Figure 2a is the classical EV plot for the SPG11 protein. Figure 2b is the neural representation for this same protein, i.e., each column from the SPG11 MSA is now represented in the two dimensions according to the autoencoder’s data reduction. In Figure 2b, each residue is coloured as in Figure 2a. Figure 2c,d are the same as Figure 2b, but coloured by the variability and the entropy, respectively. It is remarkable how well residues of the same colour cluster in the three neural plots. Oliveira et al. analysed well-studied protein families and mapped experimentally determined residue functions on the EV plots. They then drew boundaries between areas where certain types of function were predominantly observed. These boundaries were somewhat arbitrary, and their optimal location depended, for example, on the number of sequences aligned, the average pairwise sequence identity between the aligned sequences, and the function of the protein family. Oliveira et al. realized that the functional classes are not very sharply divided over the EV plot and that it would be better to see the boundaries as guidelines. The mapping of the EV plot colours on the three neural plots supports this latter idea. The neural plots show a clear gradient when going from low to high entropy or variability. The only exceptions are columns with variability 1 or 2, which are separate groups at the bottom left of the neural plots. Since neural networks operate in continuous space, the discrete character of variability is expected to be blurred out in the plot. Columns with variability 1 or 2 are found at distinct locations, while columns with high variability and high entropy tend to not be separated well. In Figure 2d, entropy values are normalized to the maximal value attainable at each of the twenty variability values. When the entropy values are not normalized, the colour gradient in neural plot 2d does not run from bottom to top, but from bottom left to top right.

4. Discussion and Conclusions

Oliveira et al. had to read nearly a thousand articles to obtain the data needed to functionally classify residue positions in five well-studied protein families. Their EV plots were an attempt to map residue functions on a human readable representation.
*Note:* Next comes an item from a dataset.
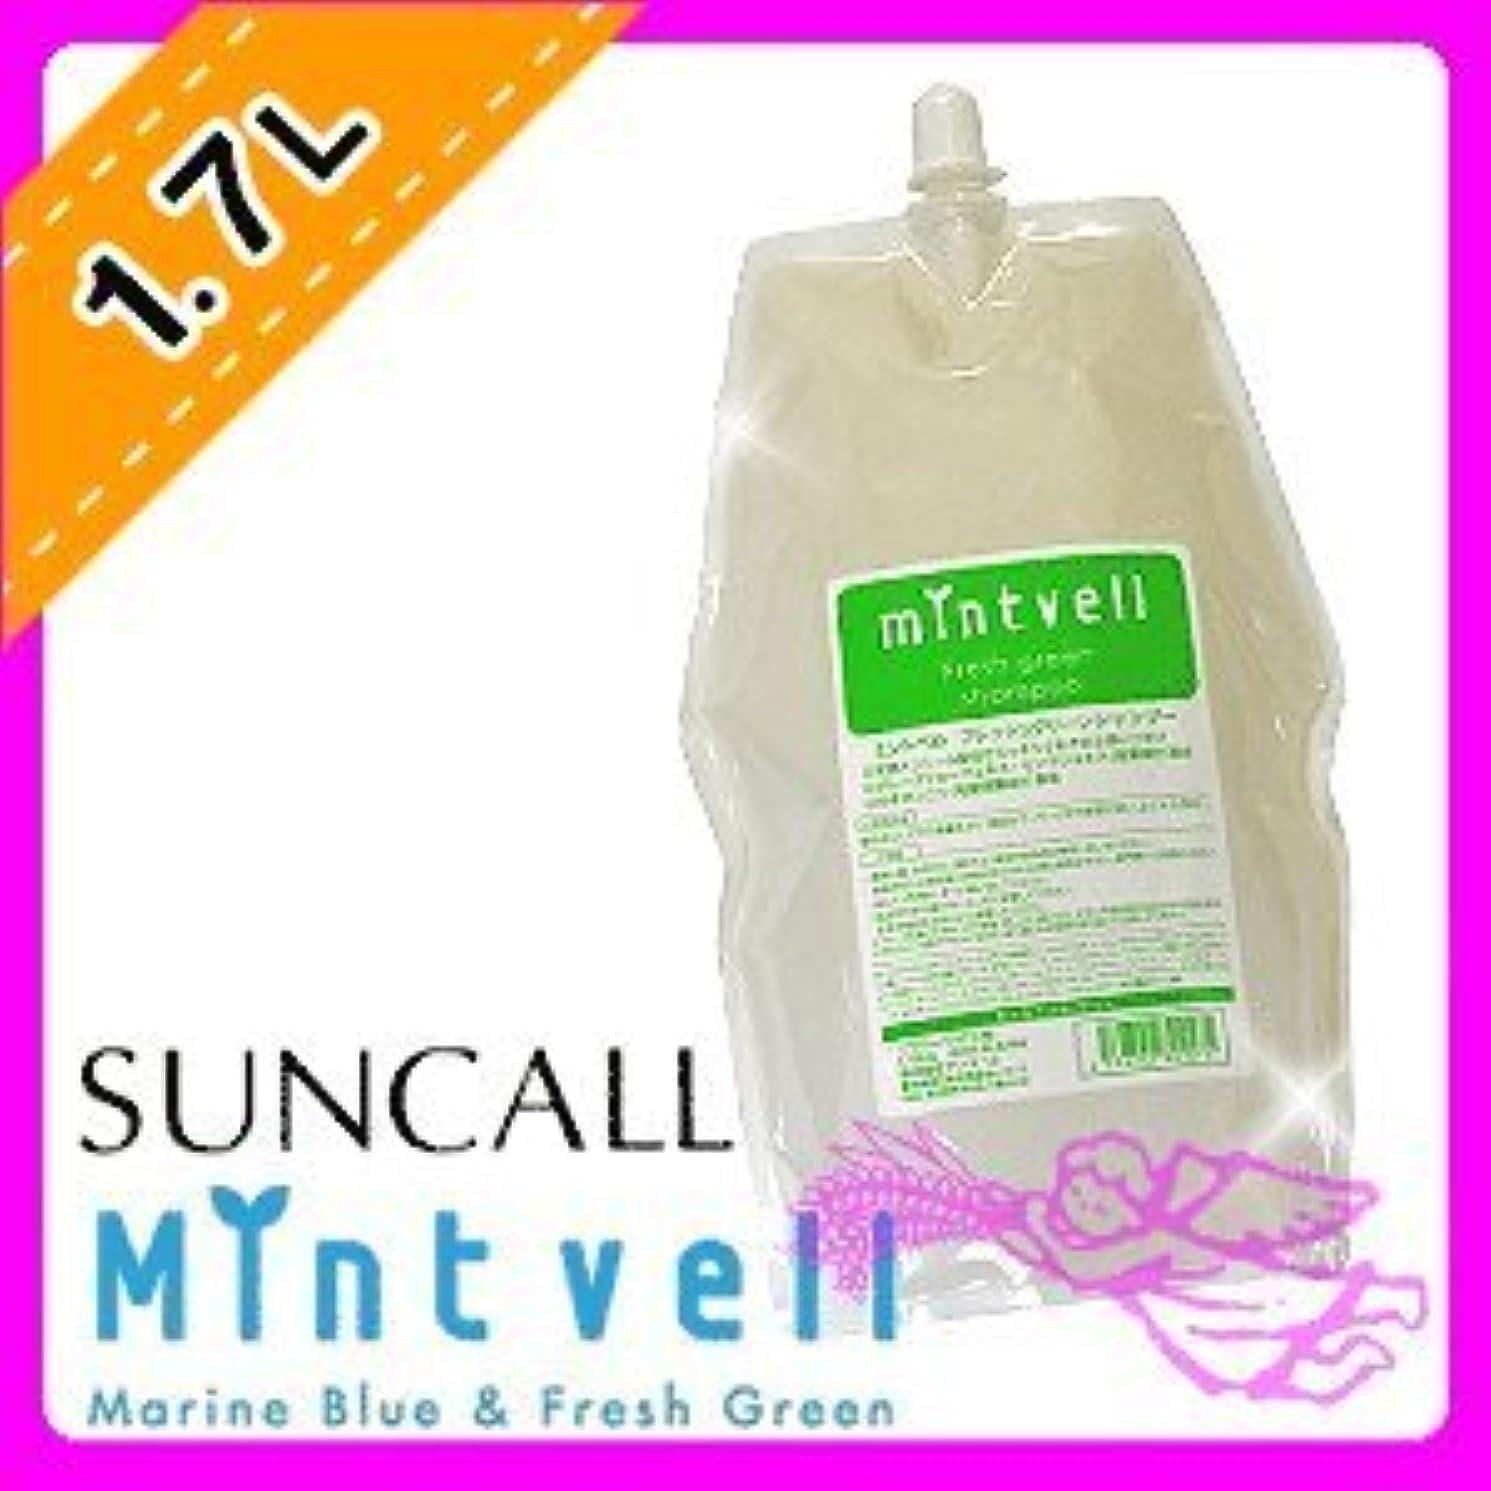 前投薬フレームワークまもなくサンコール ミントベル フレッシュグリーン シャンプー <1700mL> 詰め替え用 SUNCALL mintvell メントール

We used an autoencoder that completely unsupervised, and without the need to spend years of human effort on feature creation, to obtain essentially the same results.

We used an autoencoder with layers 20-15-10-5-2. Alternate layer schemes such as 20-16-8-4-2, 20-19-18 … 4-3-2, 20-64-32-16-8-4-2, etc., all produced highly similar results.

A reduction to three rather than two dimensions resulted in a three-dimensional distribution of MSA columns (and thus residue positions in the protein’s structure) that we could not relate to anything biologically meaningful. This is partly caused by the fact that there is no literature available in which variability patterns are reduced to three features by either supervised or unsupervised methods. The three features were not entropy, variability, and a third term. Entropy and variability mapped seemingly randomly on the three-dimensional plot.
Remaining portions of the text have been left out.